Created and deployed this Azure workflow to perform data extraction, cleaning, and visualization of data. Utilizing docker to containerize the entire pipeline (server, database, python code) and deploy locally or on the cloud.
- Data Extraction: Wikipedia Website
- Workflow Automation: Apache Airflow
- Database Management: PostgreSQL
- Cloud Storage: Azure Blob
- Data Transformation: Azure Data Factory
- Query Service: Azure Synapse
- Data Warehousing: Azure Databricks
- Data Visualization: Power BI
The purpose of this pipeline is to automize fetching/scraping data from Reddit post, we will be using the Reddit API, Apache Airflow to trigger tasks that run once a day, Docker to run everything in a containerized local environment, and SQL Postgres database to store the fetched data. After setting everything up locally we want this pipeline running on Cloud infrastructure which provides additional security, storage and processing capacity. I'll set up the pipeline using AWS to fully automate fetching, cleaning, and storing live data using AWS S3, AWS Lambda,AWS Glue, AWS Athena, and AWS Redshift.

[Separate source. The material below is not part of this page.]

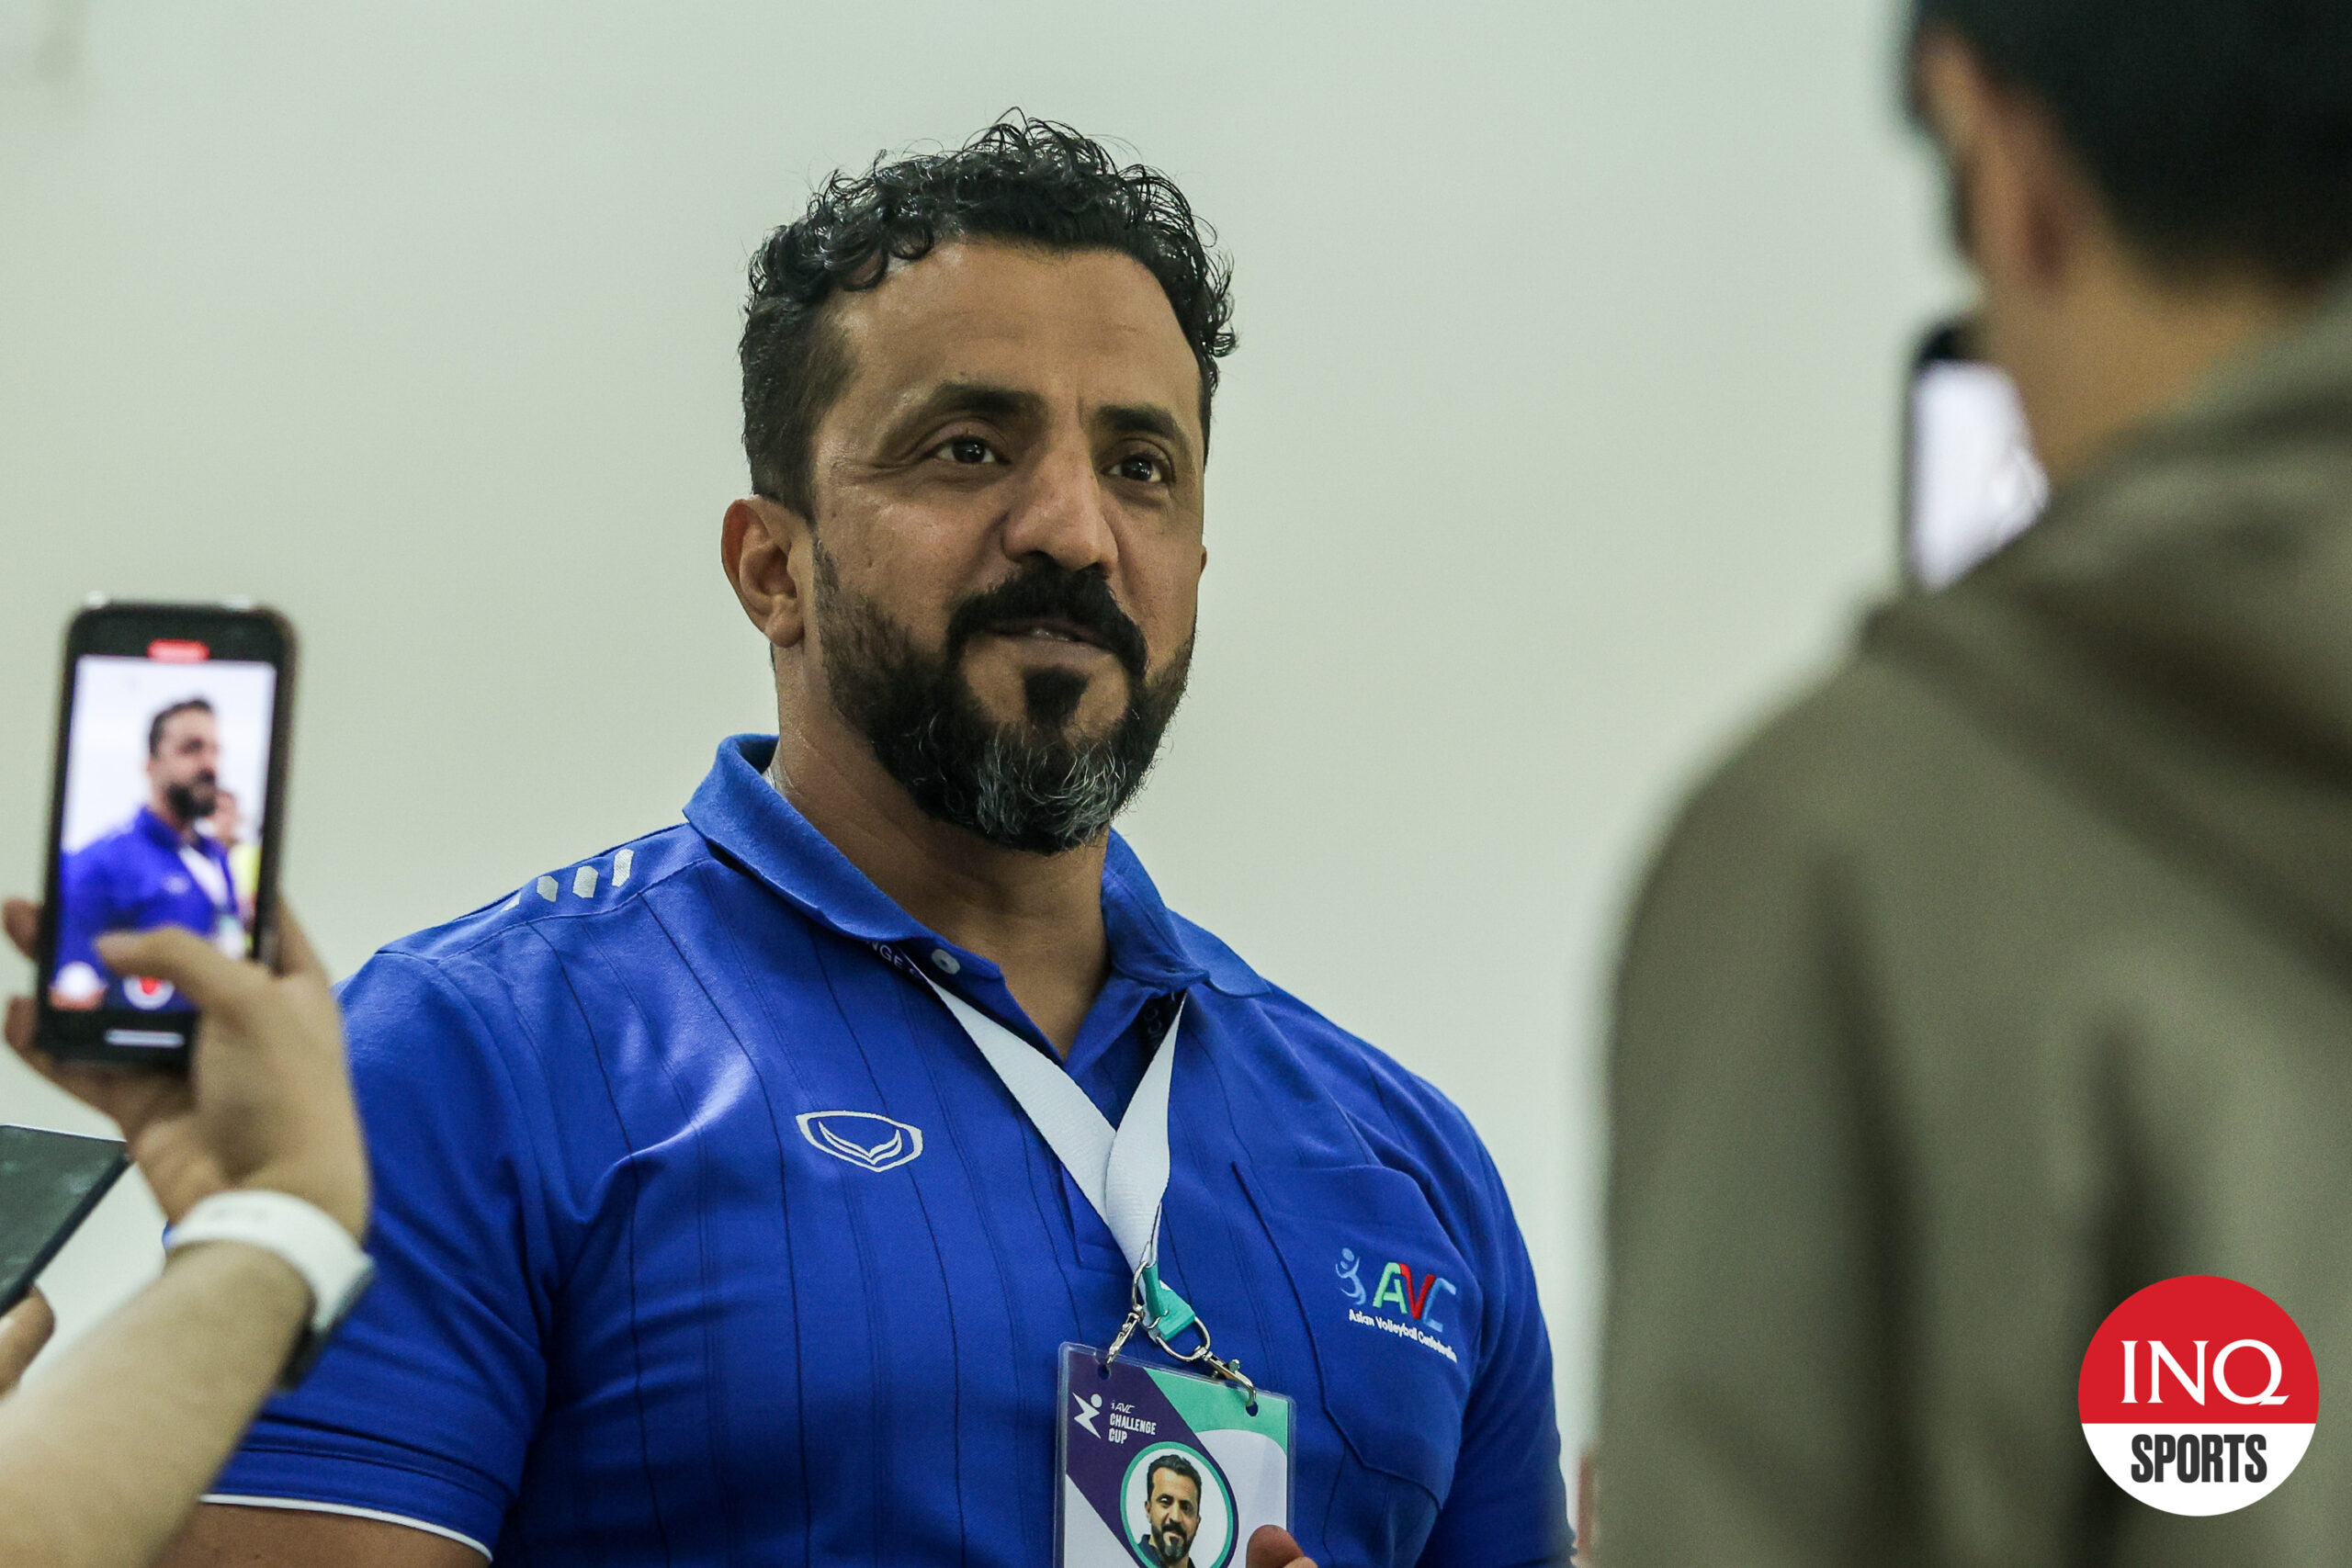 Al Din Ahmed Said Al Riyami AVC Challenge Cup

- Data Extraction: Reddit API
- Workflow Automation: Apache Airflow, Celery
- Database Management: PostgreSQL
- Cloud Storage: Amazon S3
- Data Transformation: AWS Glue, Lambda
- Query Service: Amazon Athena
- Data Warehousing: Amazon Redshift
- Data Visualization: Quicksight
Showcases my ability to integrate various technologies to create a robust and scalable data pipeline. Demonstrate my expertise in handling big data and my capabilities to deliver efficient and reliable data solutions.